STORED DATA
━━━━━━━━━━━━━━━━━━━━━━━━━━━━━━

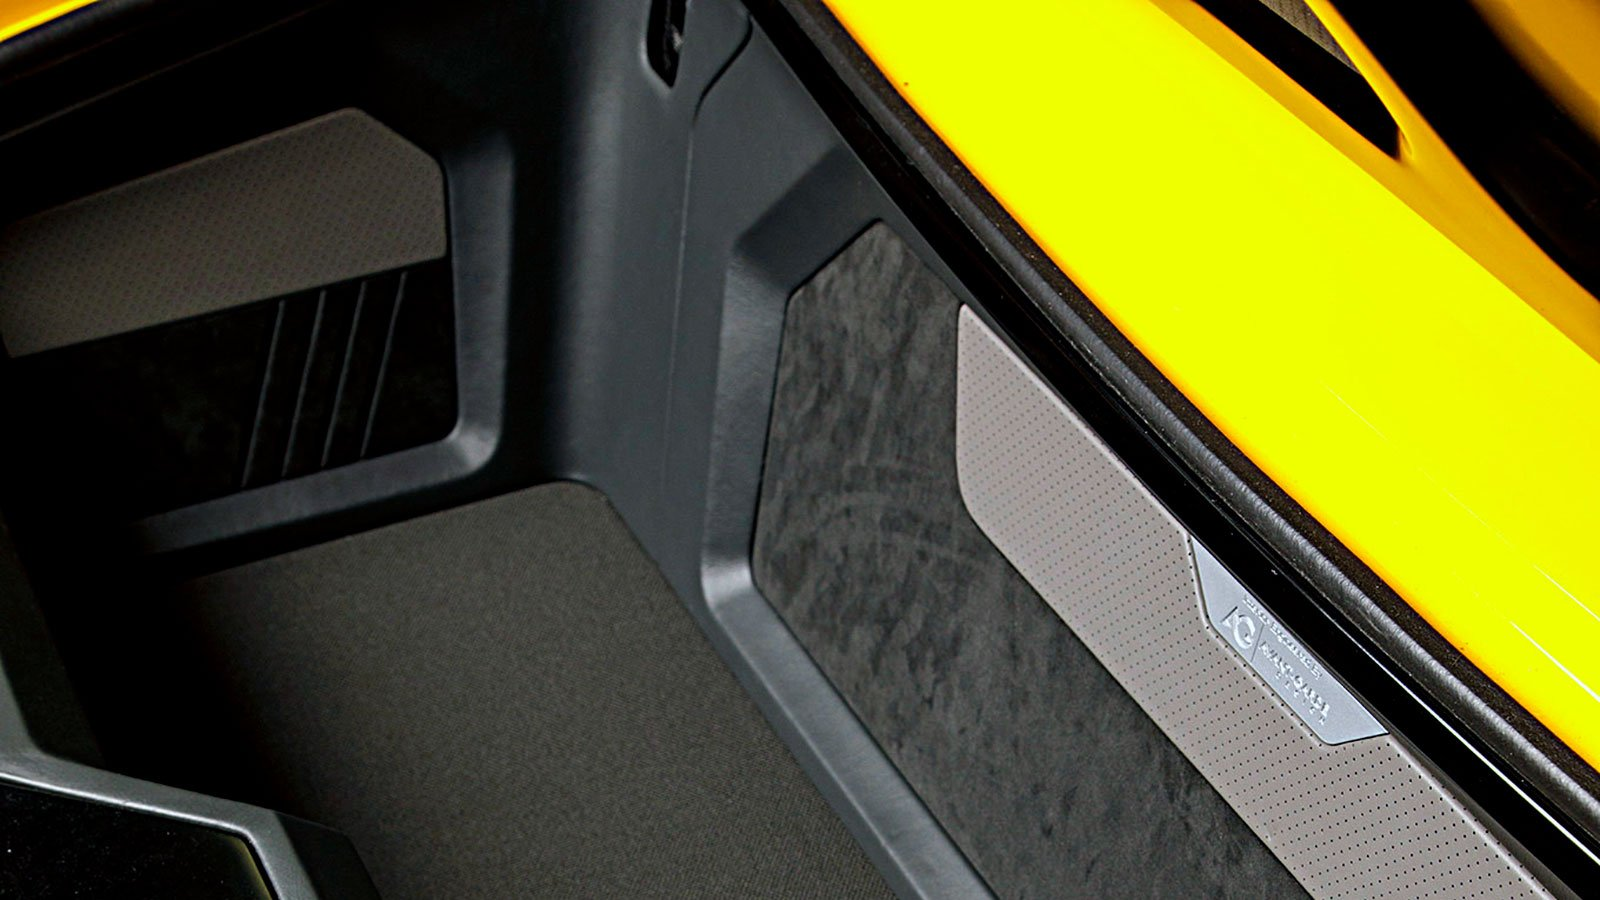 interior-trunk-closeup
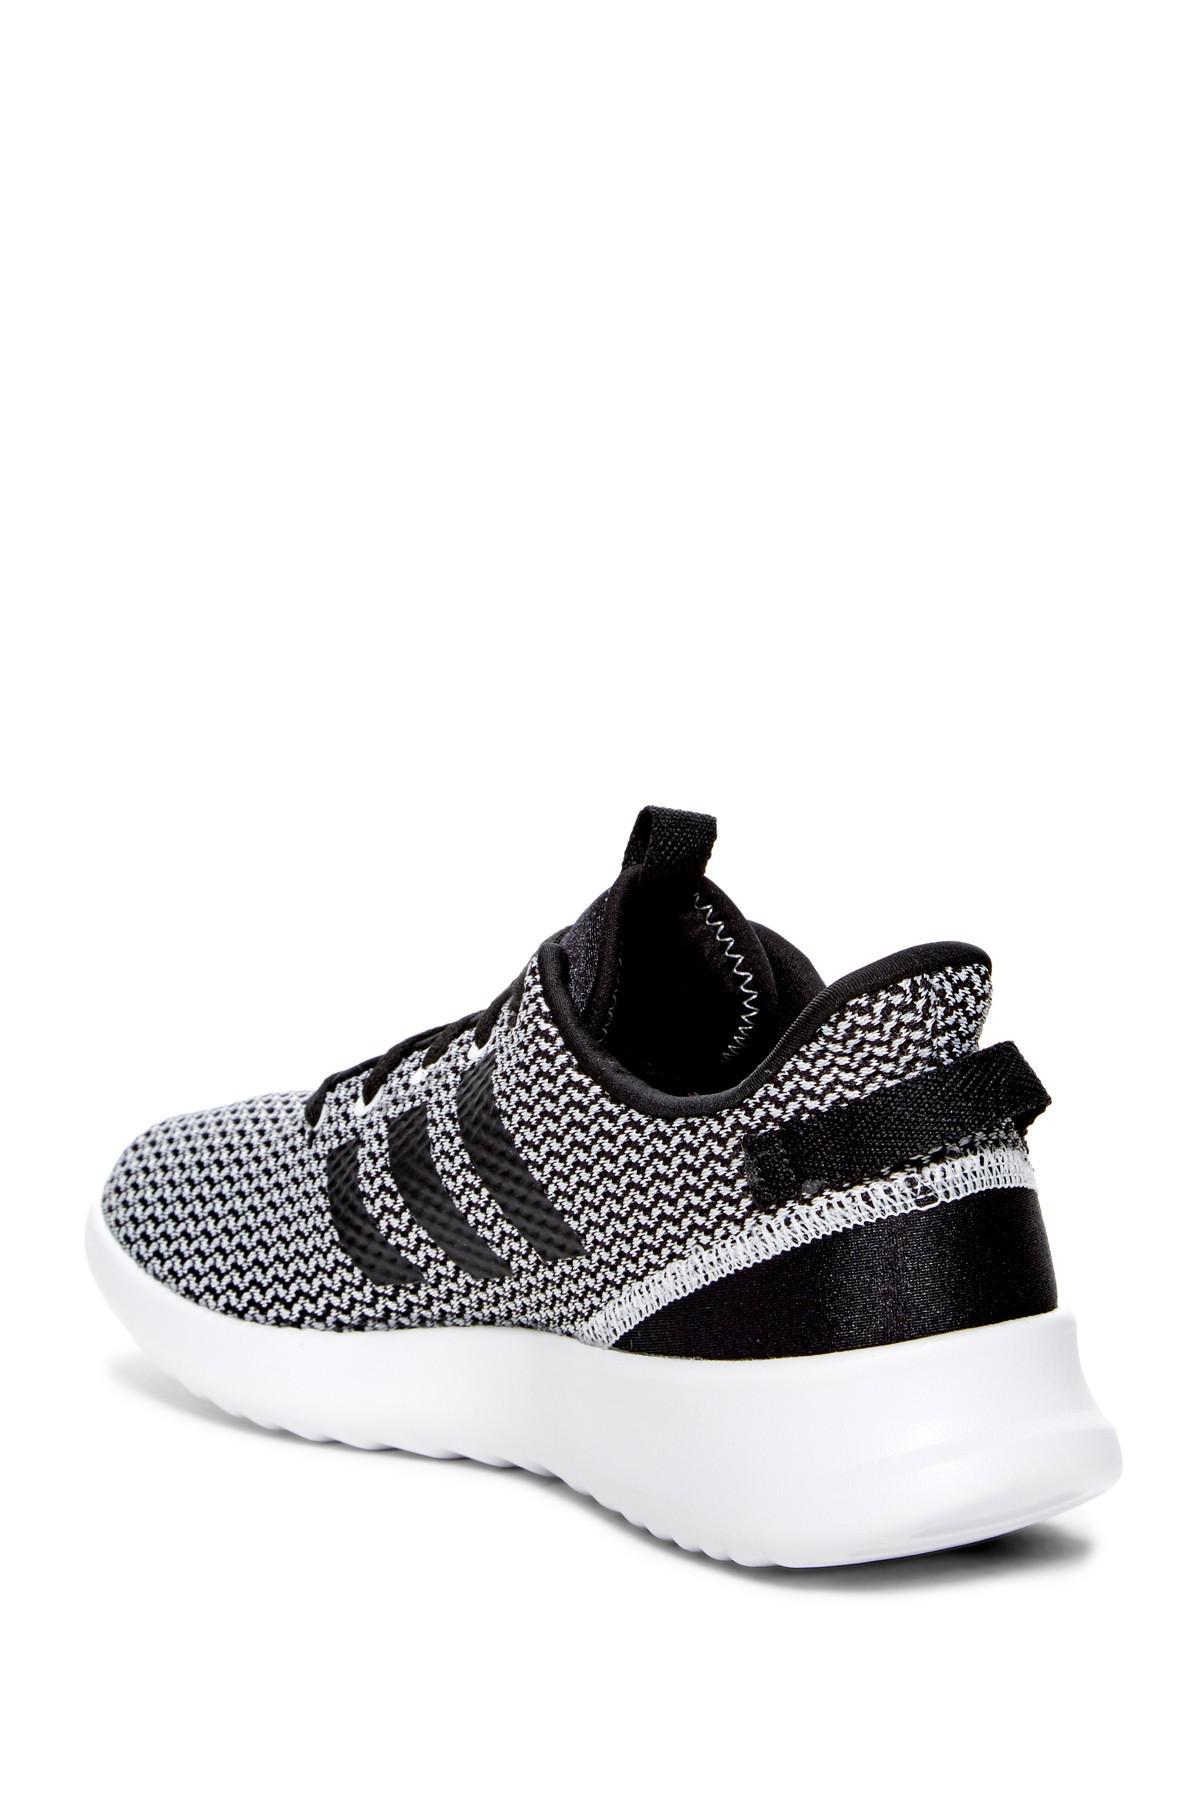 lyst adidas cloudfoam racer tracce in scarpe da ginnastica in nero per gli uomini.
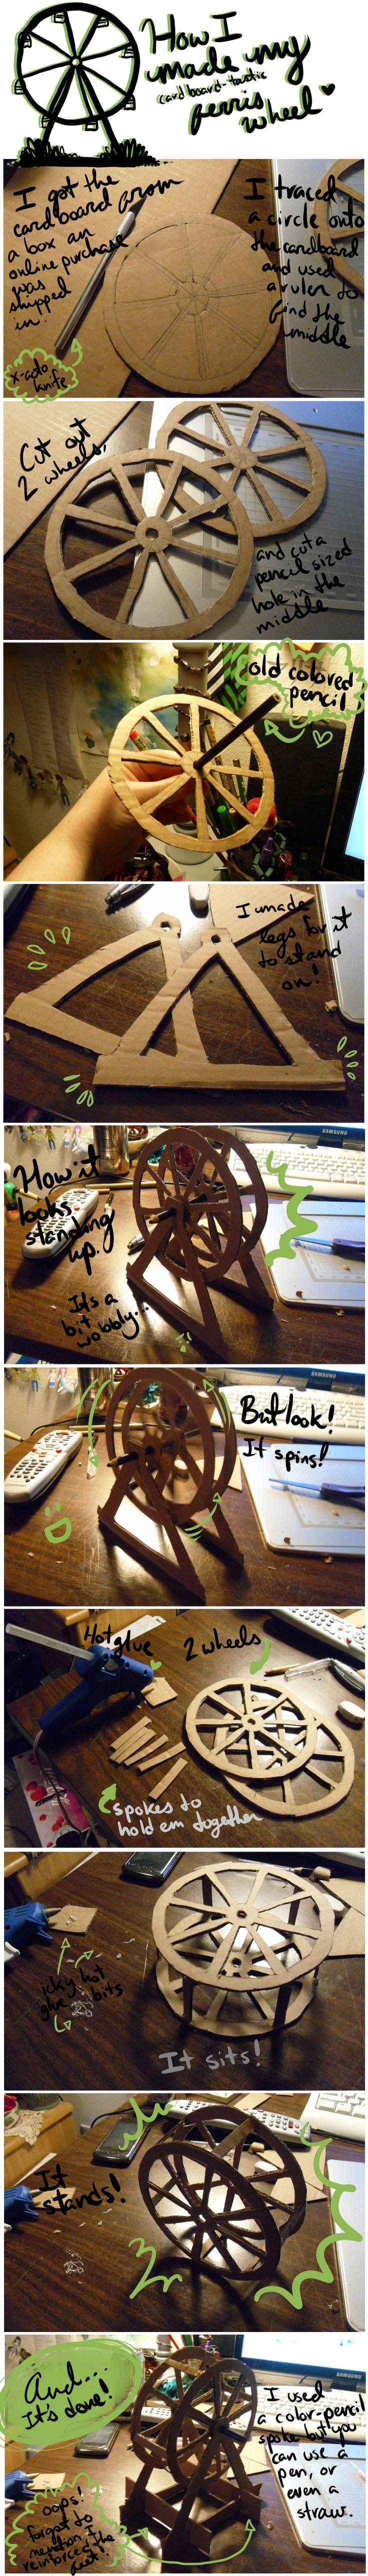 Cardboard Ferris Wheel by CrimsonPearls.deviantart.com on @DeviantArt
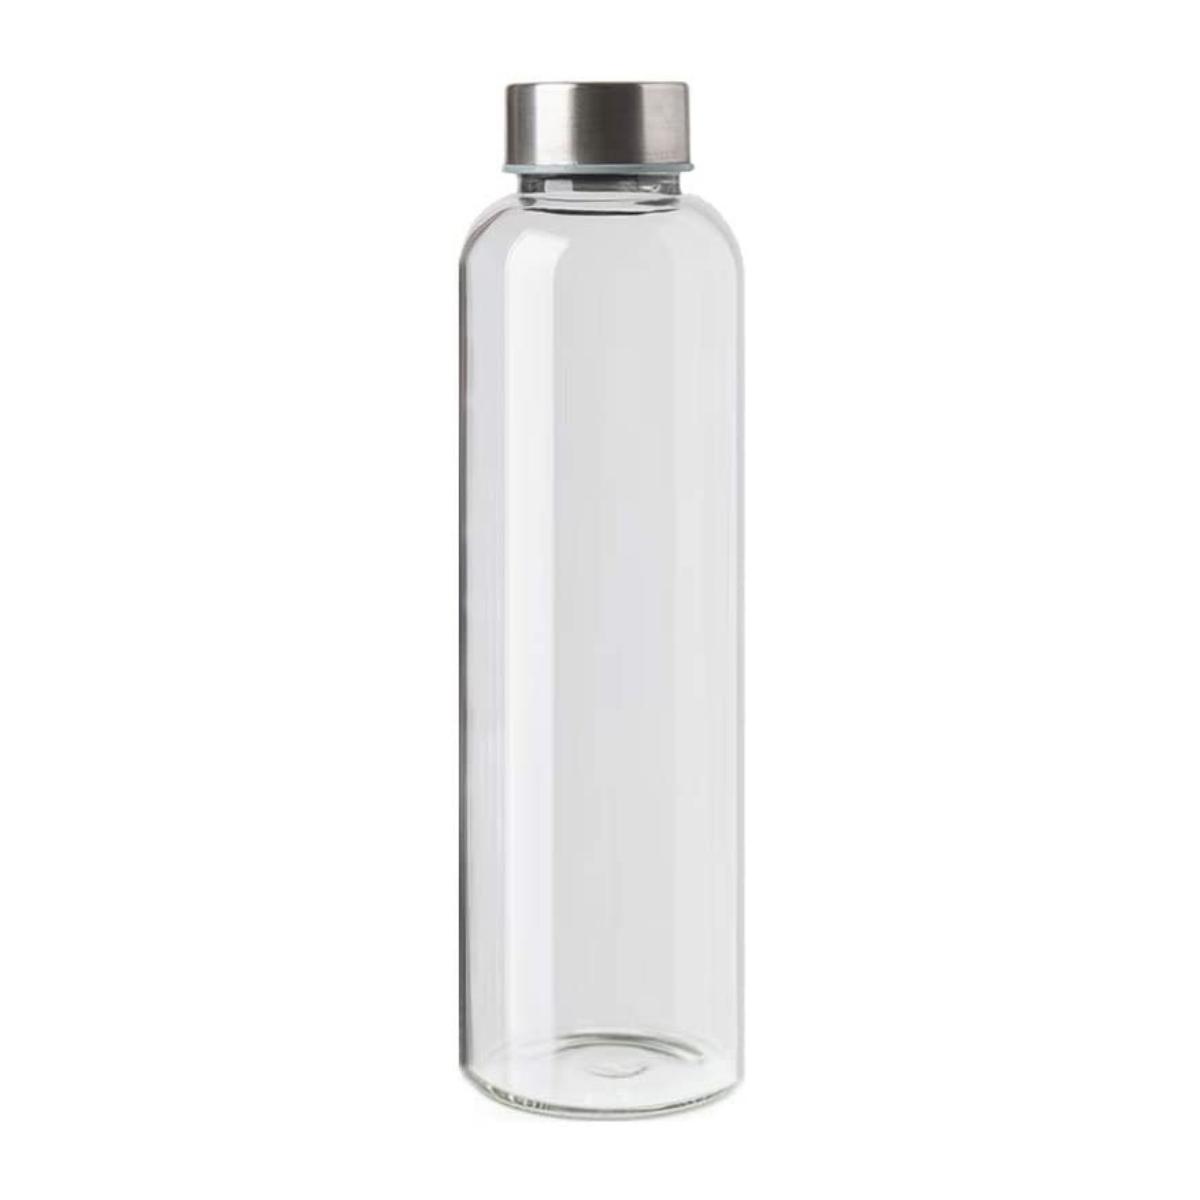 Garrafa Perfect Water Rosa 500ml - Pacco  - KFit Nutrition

━━━━━━━━━━━━━━━━━━━━━━━━━━━━━━

WHAT YOU ARE ASKED TO DO
Skip the pictures. Return exactly the lines from the one containing "Cardboard Ferris Wheel" through the end of the data above, both included, and nothing besides.

ANSWER FOR THE TASK
 Cardboard Ferris Wheel by CrimsonPearls.deviantart.com on @DeviantArt
 Garrafa Perfect Water Rosa 500ml - Pacco  - KFit Nutrition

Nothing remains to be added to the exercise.